Mechanics of curved slip surfaces in rock

Curved slip surfaces are common structures in geologic and geotechnical situations. Important examples include geologic faults and the basal slip surfaces of landslides. The author analyses these structures by using two-dimensional boundary element and fracture mechanics methods to study the influence of curvature on displacements and related deformation of surrounding rock. Although analytical solutions for stresses and displacements associated with a curved crack exist in the literature, solutions for a curved slip surface with friction are not available. Curved slip surfaces are idealized as curviplanar cuts in a linearly elastic plate and a Coulomb frictional slip criterion, tensile failure (cracklike opening) provision, and constraint on slip surface wall interpenetration are included in the model.

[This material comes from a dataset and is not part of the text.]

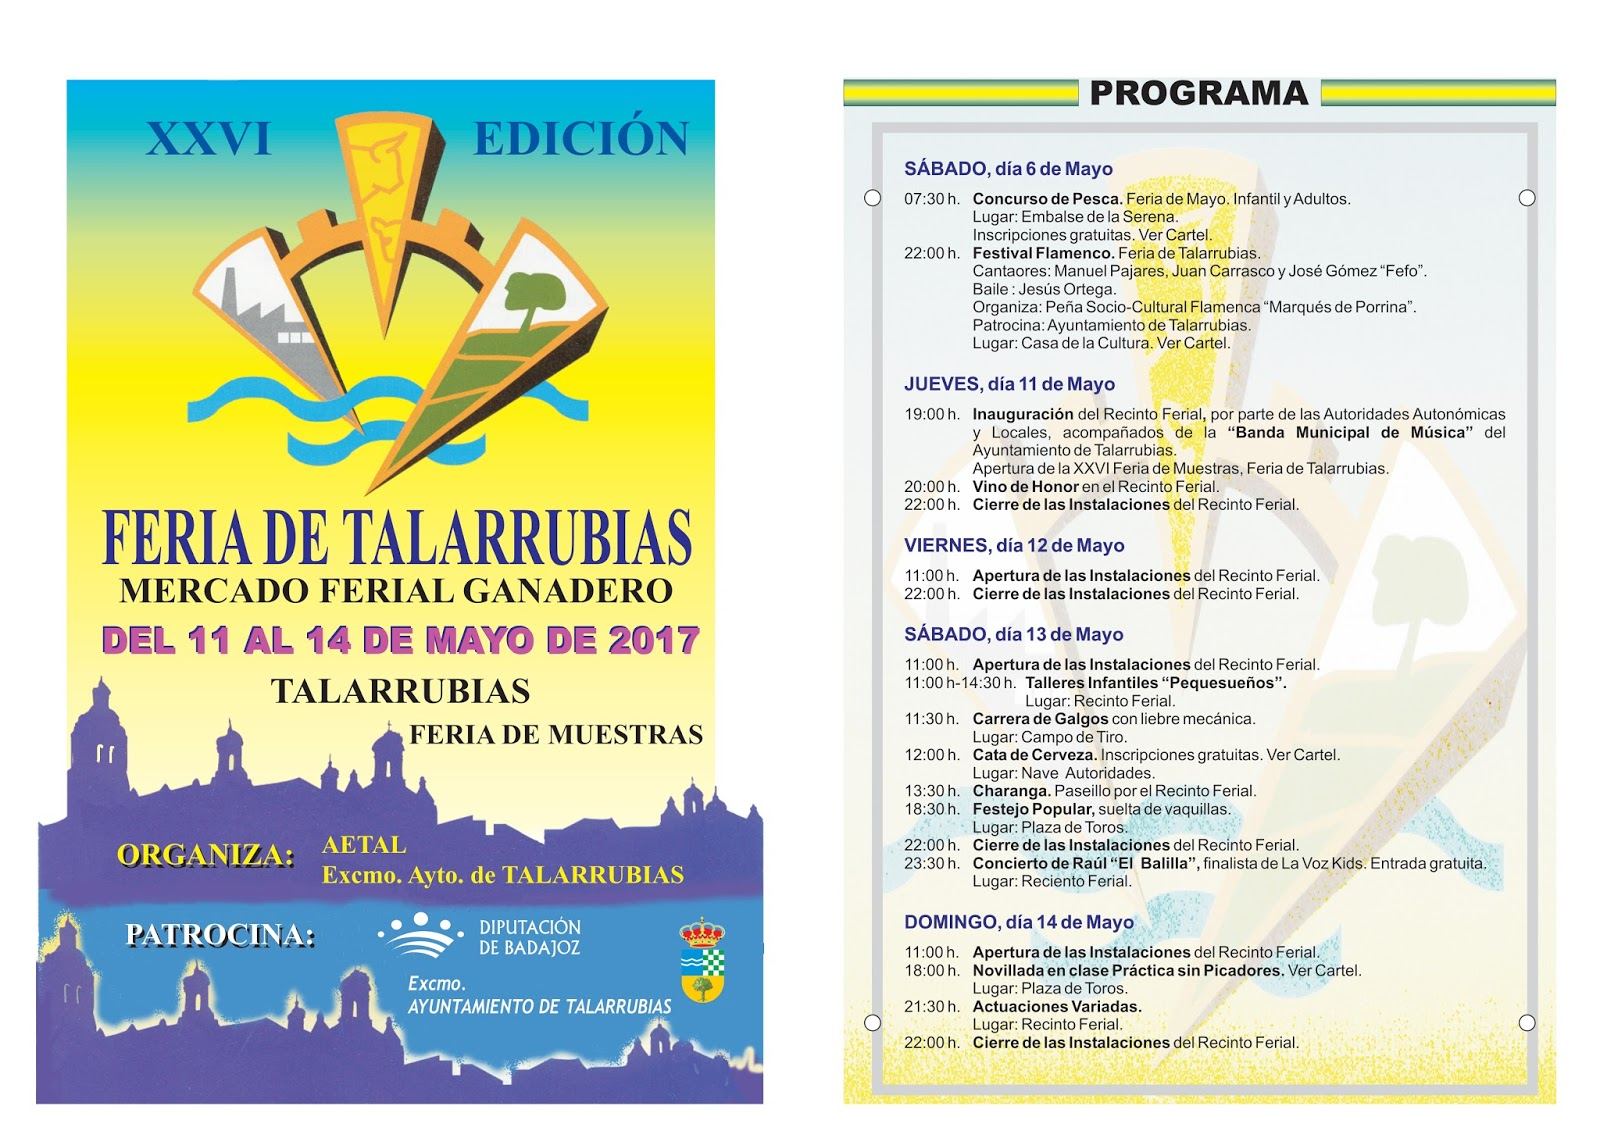 XXVI Feria de muestras - Talarrubias

Remote principal stresses produce sliding displacements along favorably oriented slip surface segments, and stresses in the surrounding plate are calculated from these displacements. Mechanical modeling of ideal circular-arc slip surfaces shows that Mode-II displacements can in general vary in distribution and sense along curved slip surfaces as a function of curvature and remote stress orientation. Because regions of decreased and increased mean normal stress depend on the occurrence and positions of slipping segments, the locations of extensional and contractional deformation strucures need not be located only near the terminations of curved slip surfaces. This result contrasts with predictions and observations of rock fracture near terminations of straight slip surfaces. In the latter case, the ends of slipping segments usually coincide with the slip surface terminations.